Please look in the modules/ folder for relevant pieces of code.
Other potential future directions (that I wish I had the time for), taking inspiration from the general machine learning communities.
Dr. Das, I think someone should pursue the idea of treating sequences as shapes (like a triangle) rather than anything else really interesting. I wish I could've properly pursued this idea further.
- Dr. Stewart brought up the idea of using hundreds of surrogate models since smaller models can be in principle faster to train, and much faster to evaluate than the original model. Funnily enough, someone's attempted this with partial differential equations here (even if our problem is different because we are tackling stochastic models rather than deterministic).
Papers from related fields that attempt to do something similar to what we're doing, but I haven't had the time to read thoroughly and truly understand the major ideas (and why they might work and not work for our case).
- Synthetic Data Generation for Molecular Time-Series Data
- Using CNNs for Surrogate Modeling for Connectivity Prediction for Work Layouts
- GNN Surrogates for Unstructured Ocean Simulations <- Understanding this might be key to improving our spatial surrogate models.
- Review of Surrogate Models and Their Application to Groundwater Modeling
- A review on design of experiments and surrogate models in aircraft real-time and many-query aerodynamic analyses
Since it is now the era of fine-tuning and "pre-training" in the NLP and vision fields, it's interesting that it hasn't heavily spread into the domain of scientific machine learning. There could be various reasons for this, but ultimately, if one could in principle take a pre-trained surrogate model and fine-tune it to properly surrogate another related mechanistic model, one could in principle speed up training by 100x. If we could get a useful surrogate model off the ground, this would be a solid research direction. It's interesting to note that people are already attempting to do this for deterministic mechanistic models as seen with the physics-inspired neural networks community.
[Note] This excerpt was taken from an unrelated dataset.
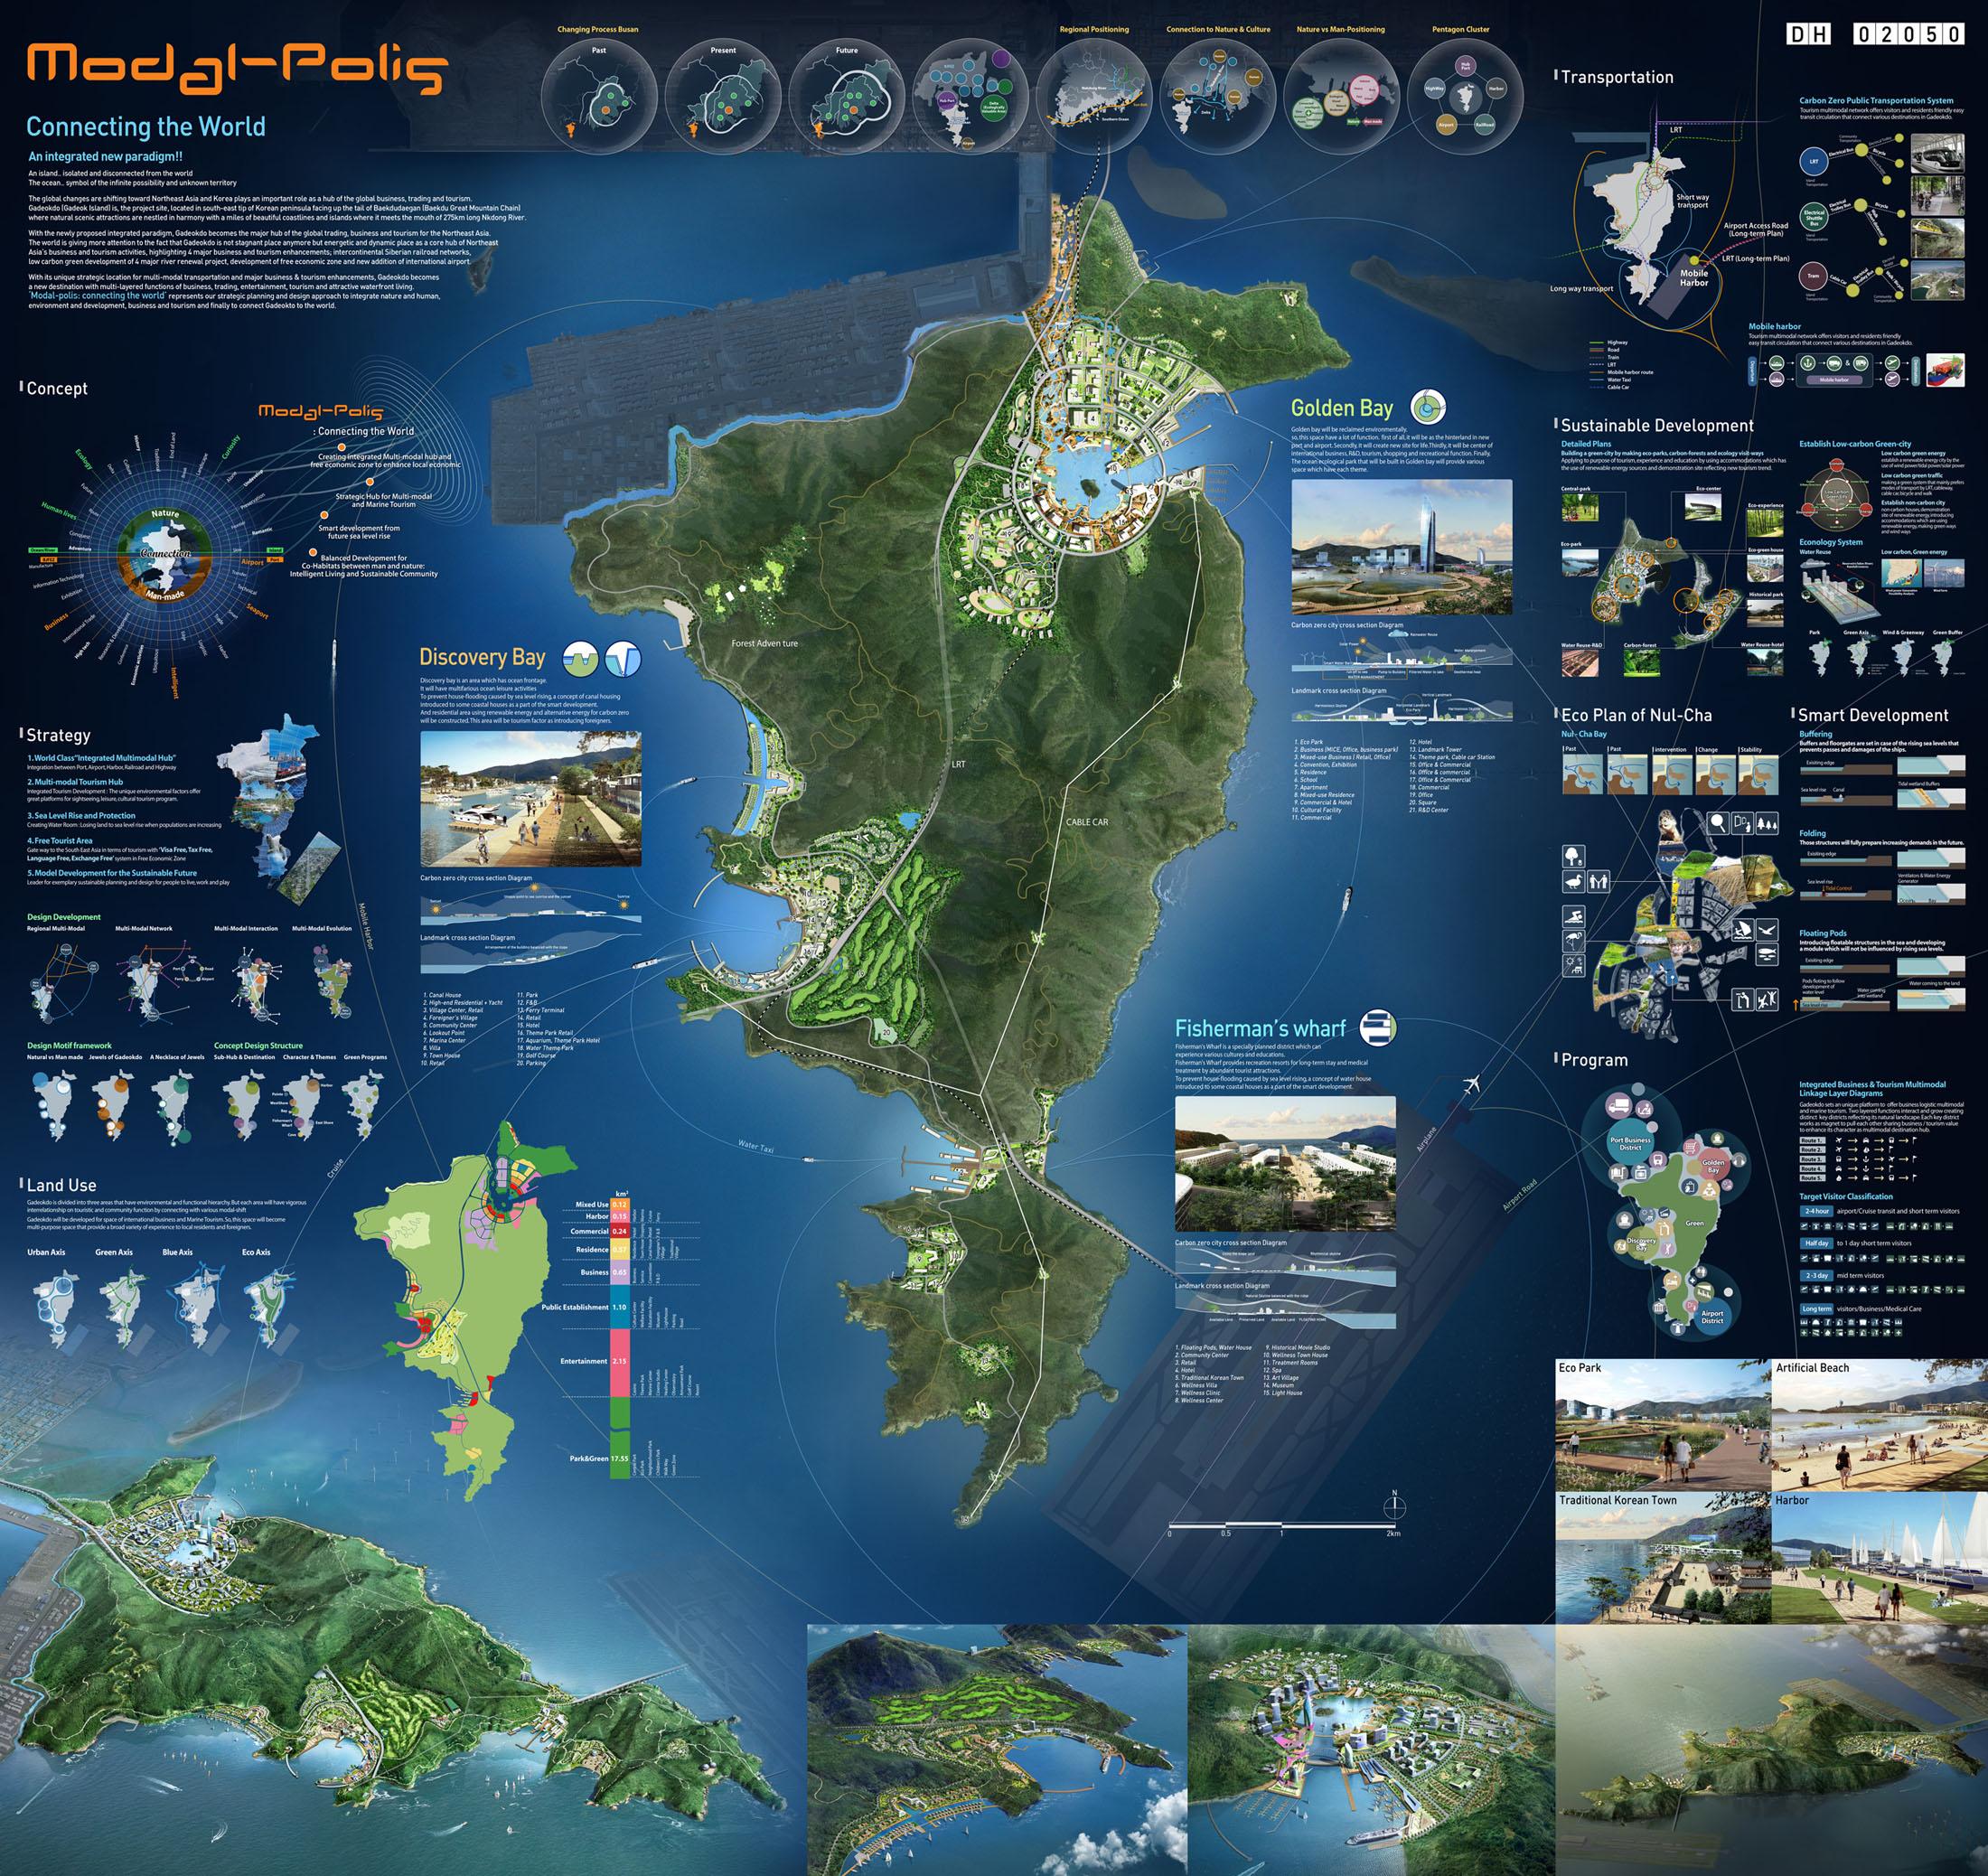 Resort Master Planning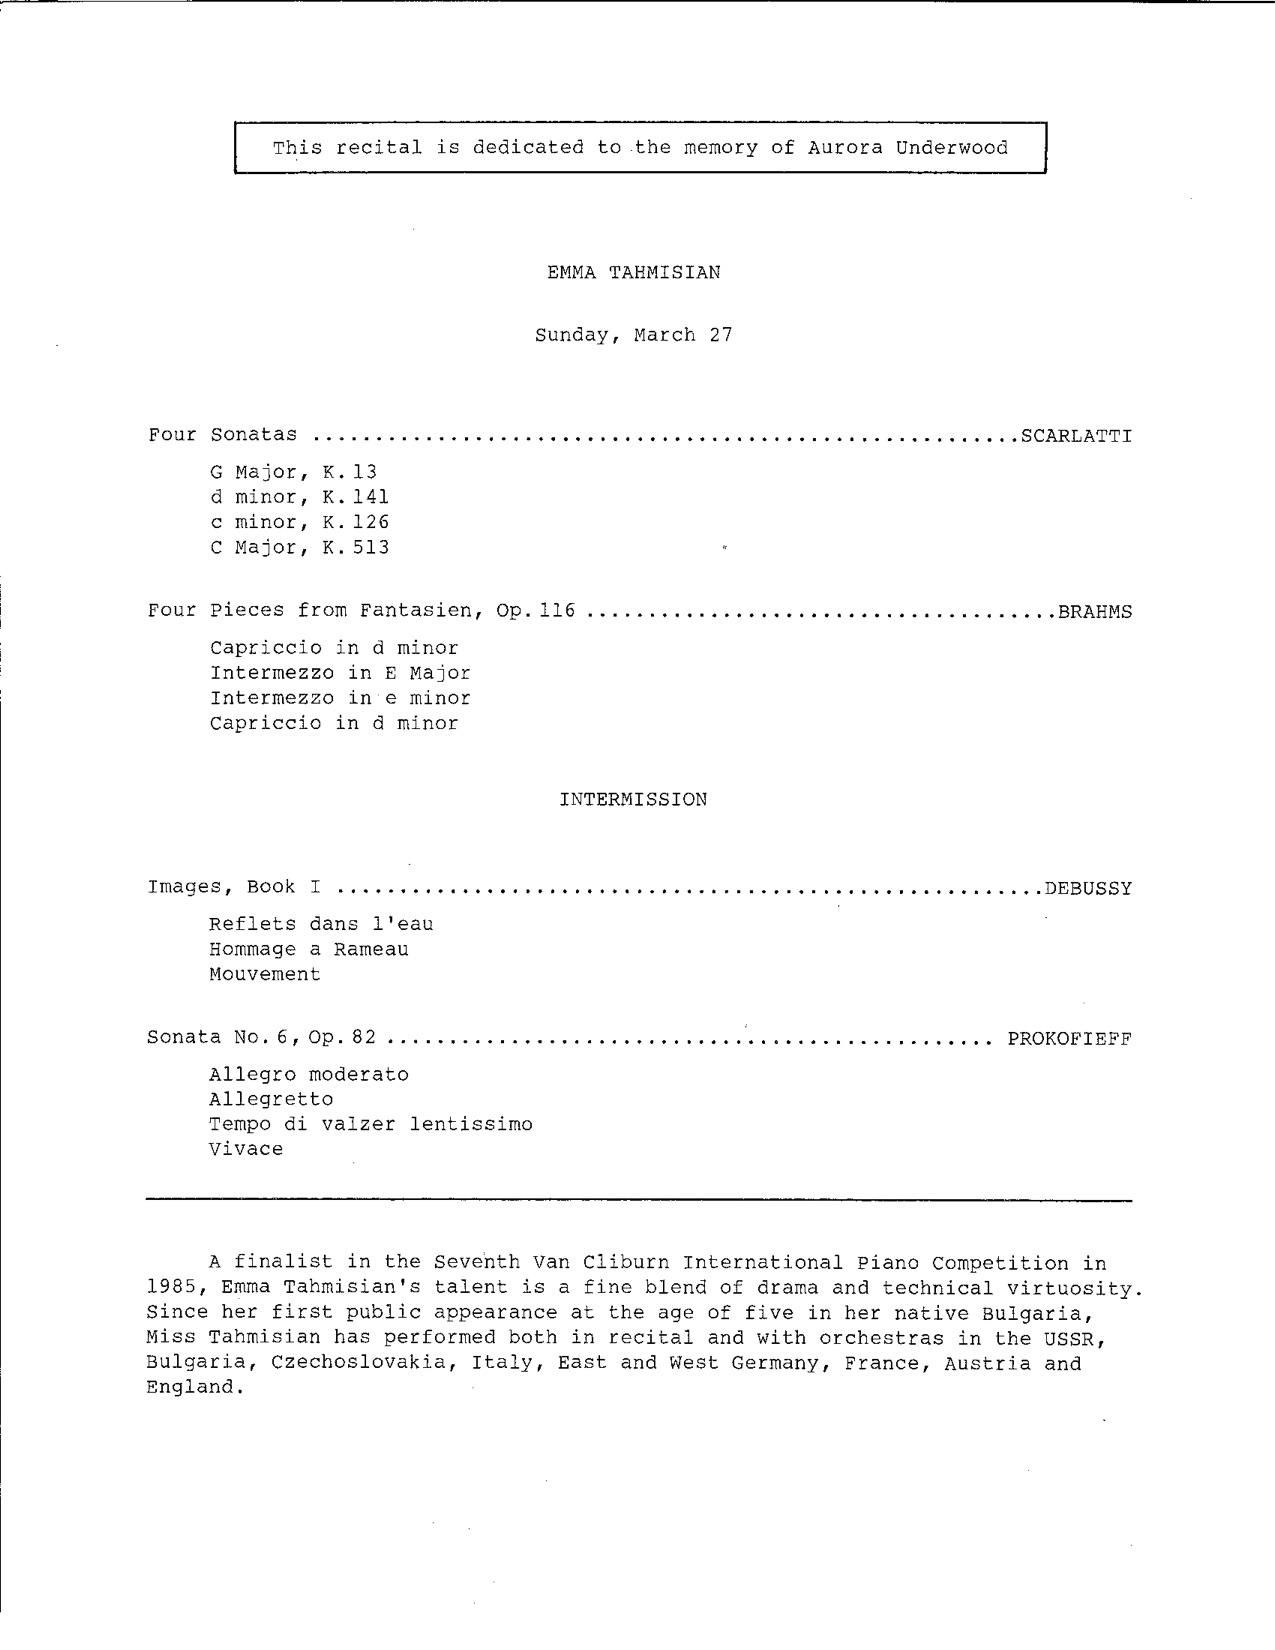 Tahmisian87-88_Program2.jpg

I've tried this with no luck in actually getting some of their packages to run, and I figured at the time, it wasn't worth further exploring. But, if you can simply blackbox the training approach, and it works, I don't see why not giving it a shot.
Thank you Dr. Stewart, Dr. Jay, and Dr. Das for basically acting as 3 senior research mentors to essentially just an undergrad. I recognize how lucky I am to have been able to take up the valuable time. I think it's funny that I didn't realize until I had Darren point it out to me, that I basically had the firepower of 3 PI's giving me advice on my one project. I think I would've been much more lost had I not had this level of support that has shaped my thinking in this amazing world of open research.
Thank you Darren and Giuseppe, the awesome PhD students within the lab, for giving me advice, shaping my belief and desire to do a PhD, and honestly just providing company on the days I came into the office. It's often nice to have people who are willing to listen your research woes and talk about stuff outside of research.
Thank you Mahesh for being my walk-home buddy as well as also providing valuable advice and insights in aiding with my research. I hope you figure out the nuances of neural turing machines. Funnily enough, I read somewhere, they might be part of the next steps towards general ai.
Thank you Indrani, Debanghana, and everyone else in the Das lab (that I might've forgotten about) for helping me understand their research and taking the time to explain it to a dummy like me.